As you can see, every word is coded in a particular manner: the first letter is taken and then $80 is added to it, and finally the rest of the letters are stored as they are.  After this point, scrolling down the code we can find another section called “RESERVED WORD TOKEN VALUES”: this list lists the token code for each keyword. The list doesn’t contain every single keyword because the interpeter recognizes the “class” of the keyword, i.e. a function, by findind it in a specific range of values. Since we added a new function, functions in the interpreter are store starting from the SGN function. So, as we have to insert a new function, we must increment the value of the last functions stored in the list after SGN, that are ZPOINT and LEFT$.

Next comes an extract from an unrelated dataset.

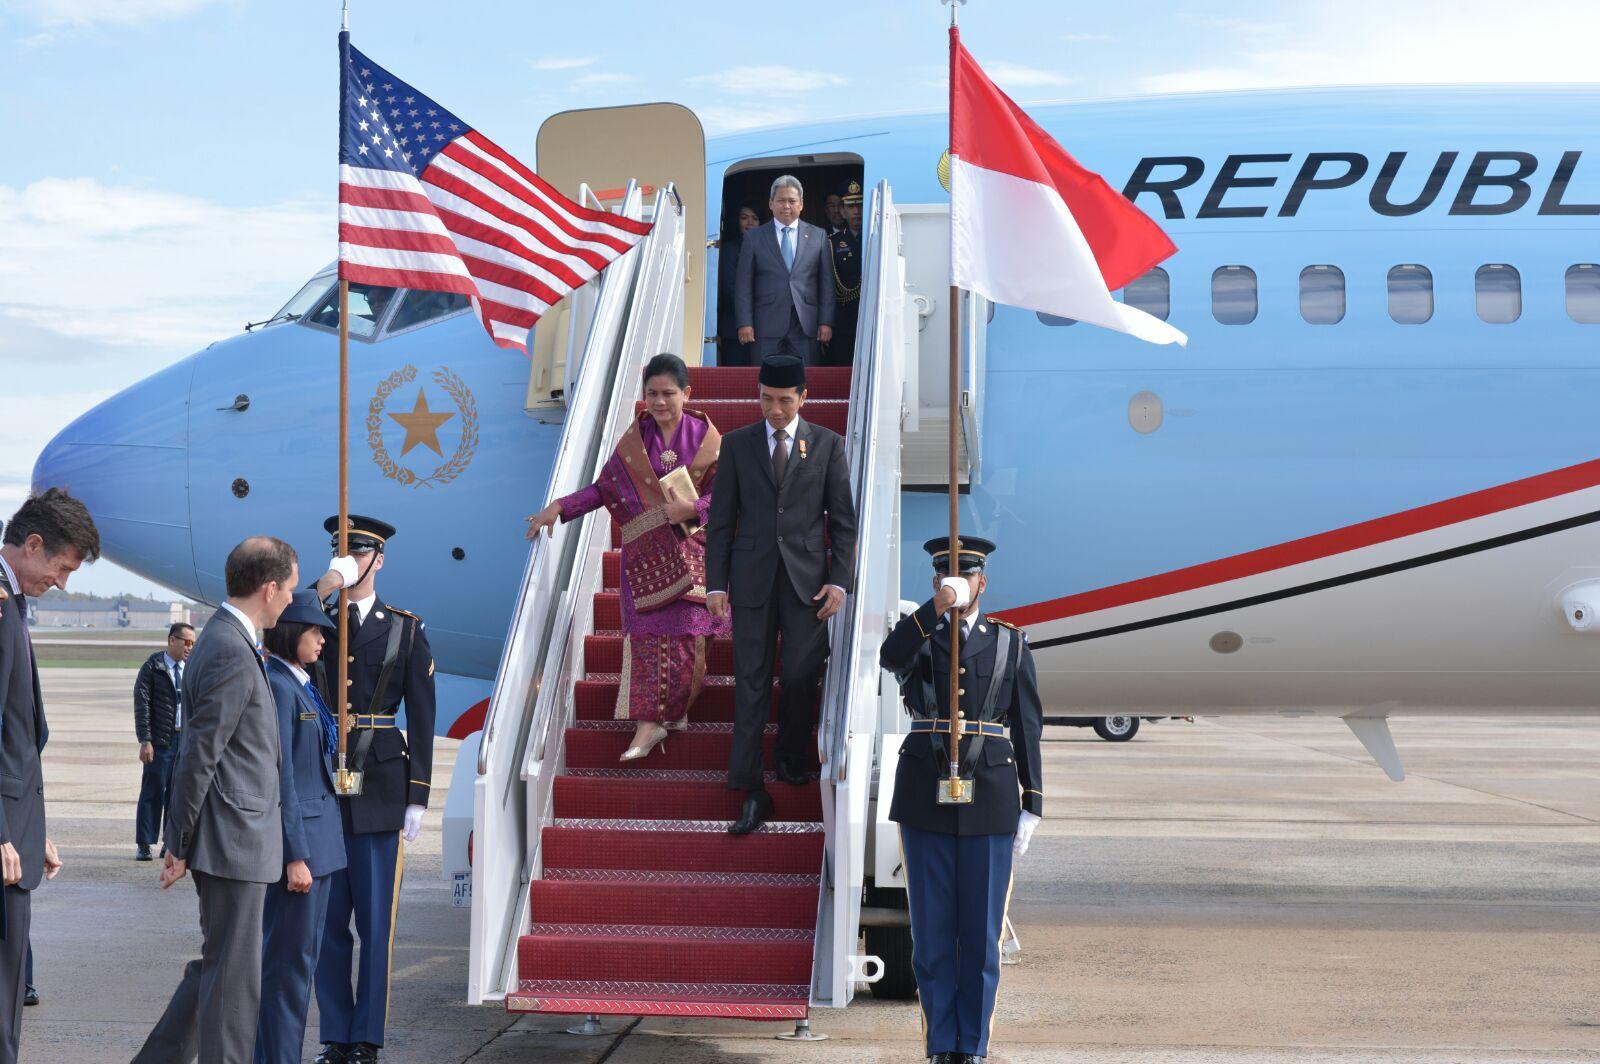 Presiden Jokowi didampingi Ibu Negara Iriana tiba di Pangkalan Militer Andrews, Amerika Serikat (AS), Minggu (25/10) sekitar pukul 12.30 Waktu Setempat. (Foto: Laily/Setpres)

So I changed this portion from this:

ZSGN equ 0B6H ; SGN
ZPOINT equ 0C7H ; POINT
ZLEFT equ 0CDH +2 ; LEFT$

to this:

ZSGN equ 0B6H ; SGN
ZPOINT equ 0C8H ; POINT ; if the user enters a custom function,
ZLEFT equ 0CEH +2 ; LEFT$ ; must be increment these two pointers

Now, when we’ll have to use the new function, the interpreter will look at the list of the reserver words to see if it’s a supported function: if it will find it into the list the name will be recognized as a reserved keyword so the interpreter will analyze its usage to undestand if it’s a function or a command, then it will jump to the corresponding code recovering the starting address of the code from the jump table.

I also made another change. Since the BASIC was written at a time when memories were very expensive, to save space programmers stored the error messages in a very compressed mode: only 2 letters for each error message! Since I don’t have a very good memory and since the LM80C has a big ROM (32KB!), we can insert complete messages to better understand what’s going wrong. So you will get a “NEXT WITHOUT FOR ERROR” message instead of a too succint “NF ERROR”! To achieve this I used the same trick programmers used for the tokens table: the code of the error identifies an entry in the error table from which the code recovers the long message text and prints it.

That’all. As usual, you can find the code in my GitHub repo.